--- START ---
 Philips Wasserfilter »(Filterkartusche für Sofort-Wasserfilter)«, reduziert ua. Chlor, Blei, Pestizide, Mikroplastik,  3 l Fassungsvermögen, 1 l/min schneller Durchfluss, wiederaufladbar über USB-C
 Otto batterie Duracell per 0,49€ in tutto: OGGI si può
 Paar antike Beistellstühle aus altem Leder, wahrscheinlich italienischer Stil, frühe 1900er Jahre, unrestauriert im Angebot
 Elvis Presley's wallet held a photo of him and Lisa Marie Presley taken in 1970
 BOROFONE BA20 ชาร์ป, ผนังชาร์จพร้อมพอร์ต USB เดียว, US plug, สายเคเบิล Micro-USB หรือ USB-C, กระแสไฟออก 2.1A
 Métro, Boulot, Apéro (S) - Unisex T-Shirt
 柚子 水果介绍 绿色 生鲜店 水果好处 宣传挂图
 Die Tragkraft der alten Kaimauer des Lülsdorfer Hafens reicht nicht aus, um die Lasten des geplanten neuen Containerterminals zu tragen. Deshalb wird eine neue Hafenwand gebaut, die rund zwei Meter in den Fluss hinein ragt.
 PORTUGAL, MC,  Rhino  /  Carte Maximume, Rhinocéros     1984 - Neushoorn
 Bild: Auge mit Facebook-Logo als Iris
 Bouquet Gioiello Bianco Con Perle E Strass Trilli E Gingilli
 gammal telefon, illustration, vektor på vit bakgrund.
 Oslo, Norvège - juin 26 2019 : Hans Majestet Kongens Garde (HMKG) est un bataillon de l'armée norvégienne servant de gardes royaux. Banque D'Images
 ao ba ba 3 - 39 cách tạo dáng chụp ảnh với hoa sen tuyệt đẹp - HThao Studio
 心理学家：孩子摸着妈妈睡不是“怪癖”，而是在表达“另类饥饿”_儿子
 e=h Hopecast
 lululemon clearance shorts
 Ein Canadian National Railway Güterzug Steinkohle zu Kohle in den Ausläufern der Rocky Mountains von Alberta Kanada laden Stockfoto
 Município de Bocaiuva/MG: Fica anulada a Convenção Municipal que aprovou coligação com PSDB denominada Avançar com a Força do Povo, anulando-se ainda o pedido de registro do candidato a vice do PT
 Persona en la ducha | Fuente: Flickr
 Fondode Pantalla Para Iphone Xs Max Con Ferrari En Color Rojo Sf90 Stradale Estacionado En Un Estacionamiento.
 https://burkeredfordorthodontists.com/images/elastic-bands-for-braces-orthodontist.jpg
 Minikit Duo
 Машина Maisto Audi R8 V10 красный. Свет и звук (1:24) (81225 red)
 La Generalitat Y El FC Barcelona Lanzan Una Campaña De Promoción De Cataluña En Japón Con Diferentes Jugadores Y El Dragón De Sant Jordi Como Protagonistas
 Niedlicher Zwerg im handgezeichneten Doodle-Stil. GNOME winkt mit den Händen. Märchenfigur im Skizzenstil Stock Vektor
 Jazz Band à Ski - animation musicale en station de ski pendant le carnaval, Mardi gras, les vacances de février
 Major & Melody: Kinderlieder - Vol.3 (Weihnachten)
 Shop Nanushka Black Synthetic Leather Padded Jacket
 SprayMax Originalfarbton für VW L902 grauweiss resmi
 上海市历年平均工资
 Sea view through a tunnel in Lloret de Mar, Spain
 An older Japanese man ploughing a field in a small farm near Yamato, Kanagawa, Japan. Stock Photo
--- END ---
* **What needs to be done**: Take the listing above from its first line through the line containing "lululemon clearance shorts", and transcribe that stretch exactly, with no other lines.

* **Task solution**:
 Philips Wasserfilter »(Filterkartusche für Sofort-Wasserfilter)«, reduziert ua. Chlor, Blei, Pestizide, Mikroplastik,  3 l Fassungsvermögen, 1 l/min schneller Durchfluss, wiederaufladbar über USB-C
 Otto batterie Duracell per 0,49€ in tutto: OGGI si può
 Paar antike Beistellstühle aus altem Leder, wahrscheinlich italienischer Stil, frühe 1900er Jahre, unrestauriert im Angebot
 Elvis Presley's wallet held a photo of him and Lisa Marie Presley taken in 1970
 BOROFONE BA20 ชาร์ป, ผนังชาร์จพร้อมพอร์ต USB เดียว, US plug, สายเคเบิล Micro-USB หรือ USB-C, กระแสไฟออก 2.1A
 Métro, Boulot, Apéro (S) - Unisex T-Shirt
 柚子 水果介绍 绿色 生鲜店 水果好处 宣传挂图
 Die Tragkraft der alten Kaimauer des Lülsdorfer Hafens reicht nicht aus, um die Lasten des geplanten neuen Containerterminals zu tragen. Deshalb wird eine neue Hafenwand gebaut, die rund zwei Meter in den Fluss hinein ragt.
 PORTUGAL, MC,  Rhino  /  Carte Maximume, Rhinocéros     1984 - Neushoorn
 Bild: Auge mit Facebook-Logo als Iris
 Bouquet Gioiello Bianco Con Perle E Strass Trilli E Gingilli
 gammal telefon, illustration, vektor på vit bakgrund.
 Oslo, Norvège - juin 26 2019 : Hans Majestet Kongens Garde (HMKG) est un bataillon de l'armée norvégienne servant de gardes royaux. Banque D'Images
 ao ba ba 3 - 39 cách tạo dáng chụp ảnh với hoa sen tuyệt đẹp - HThao Studio
 心理学家：孩子摸着妈妈睡不是“怪癖”，而是在表达“另类饥饿”_儿子
 e=h Hopecast
 lululemon clearance shorts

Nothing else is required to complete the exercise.